I'm sure it'll look great, but whatever monolith build for the switch 2, it'll be built for the switch 3 - ie will still likely struggle and push beyond its capabilities
 

andymoogle

Member
Oct 27, 2017
2,339
Asking for 1080p screen for a handheld that is going to get lots of PS5/S|X ports doesn't make sense. A vast majority of AAA titles on Switch (including from Nintendo) are not running at 720p. There is no way devs will aim for 1080p on a handheld in 2023 and beyond. Sub-native resolution looks bad. Sure, there is DLSS this time, but it's not some magical perfect solution. Especially not at lower resolutions.
 

BreakAtmo

Member
Nov 12, 2017
12,892
Australia
Asking for 1080p screen for a handheld that is going to get lots of PS5/S|X ports doesn't make sense. A vast majority of AAA titles on Switch (including from Nintendo) are not running at 720p. There is no way devs will aim for 1080p on a handheld in 2023 and beyond. Sub-native resolution looks bad. Sure, there is DLSS this time, but it's not some magical perfect solution. Especially not at lower resolutions.

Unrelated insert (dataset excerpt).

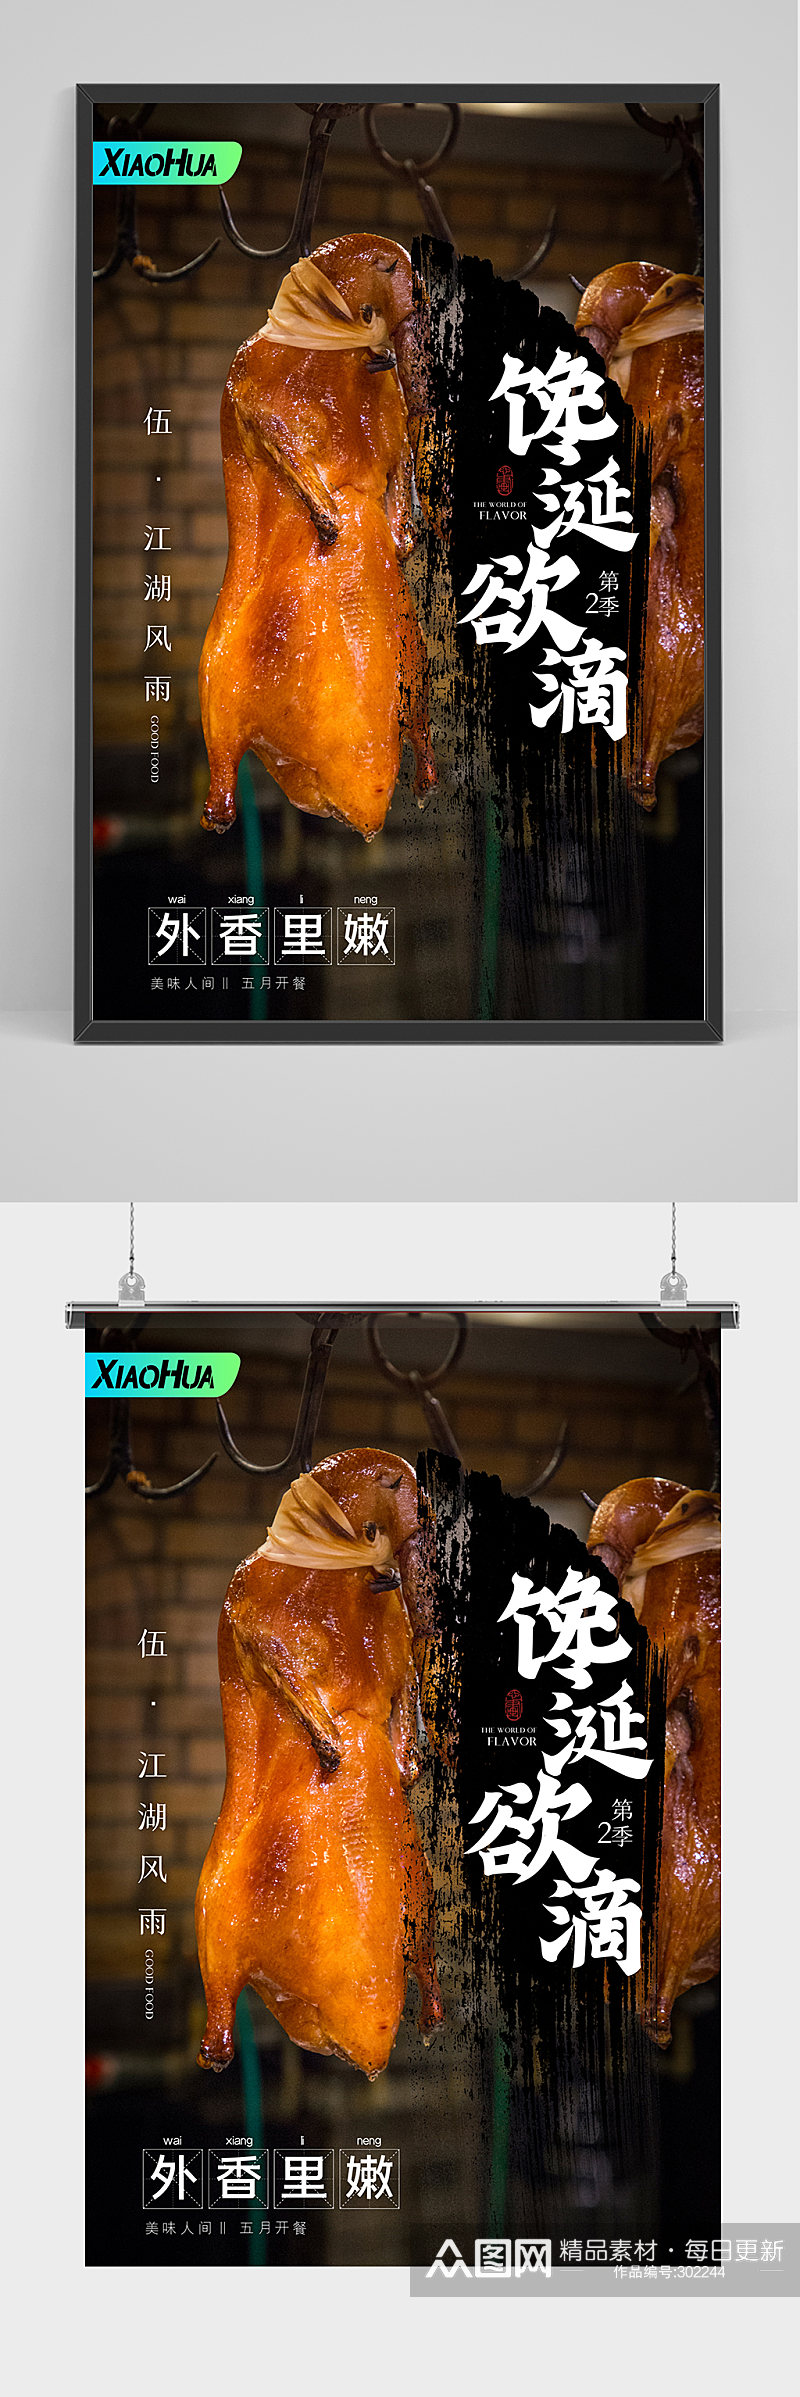 精品北京烤鸭海报设计素材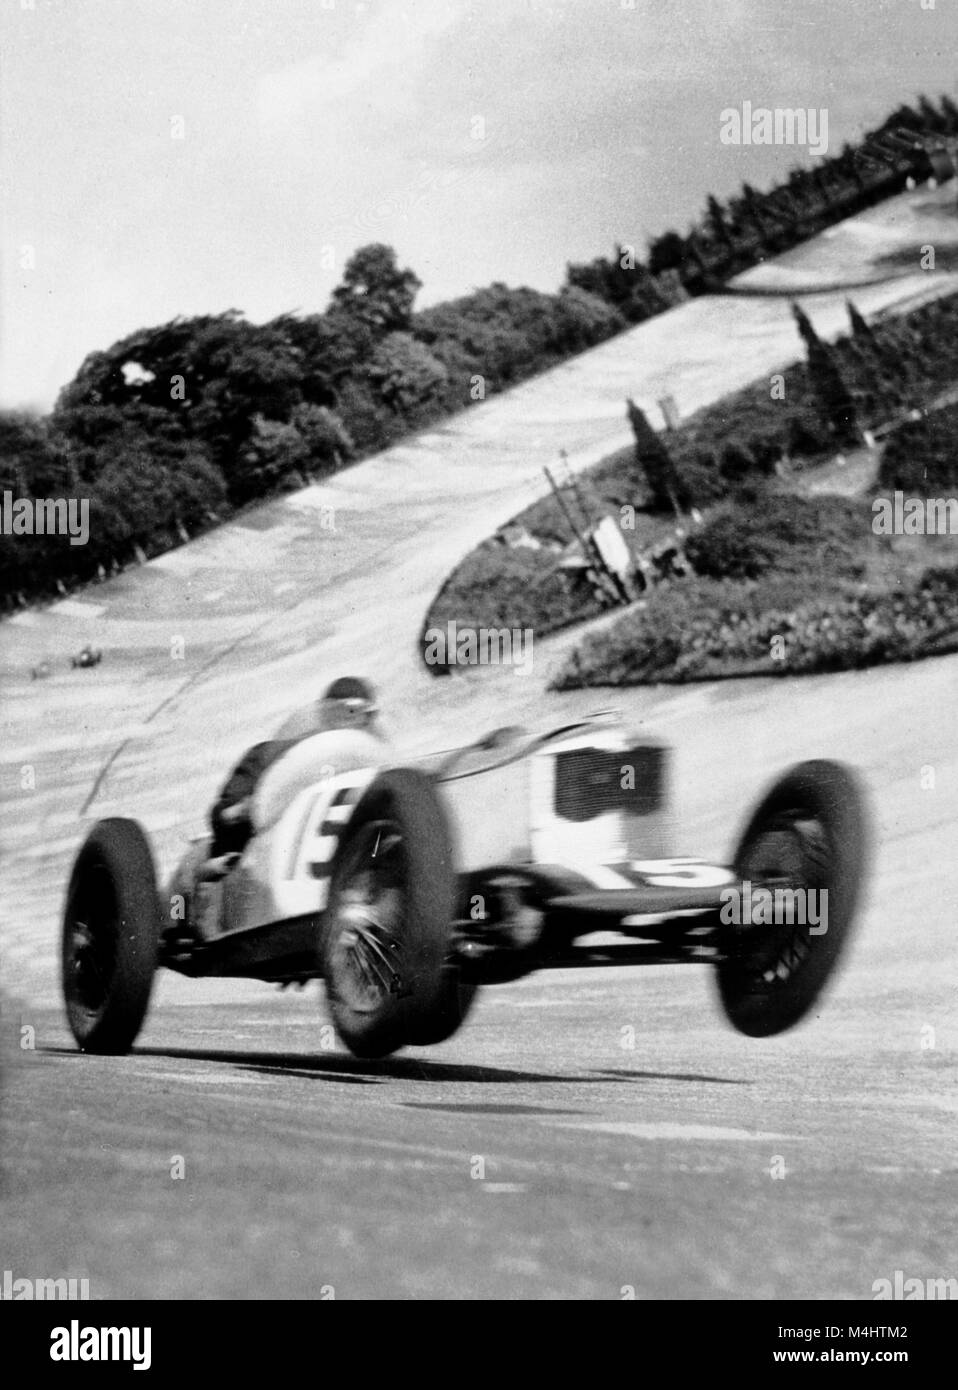 Le sport automobile, voiture de sport à des courses de voiture, ca. 1929, années 1920, lieu exact inconnu, Allemagne Banque D'Images

Actually DLSS works surprisingly well at lower resolutions, even ones not technically supported by the official modes. It's one of the main things differentiating it from other stuff like FSR 2.0. there's footage of things like Death Standing rendered at 240p and brought up to 720p with DLSS, and while it doesn't look great it was shockingly acceptable even on my TV. Next-gen games on Switch 2 with a dynamic 540p internal resolution plus DLSS, as well as graphical cutbacks, could actually work very well.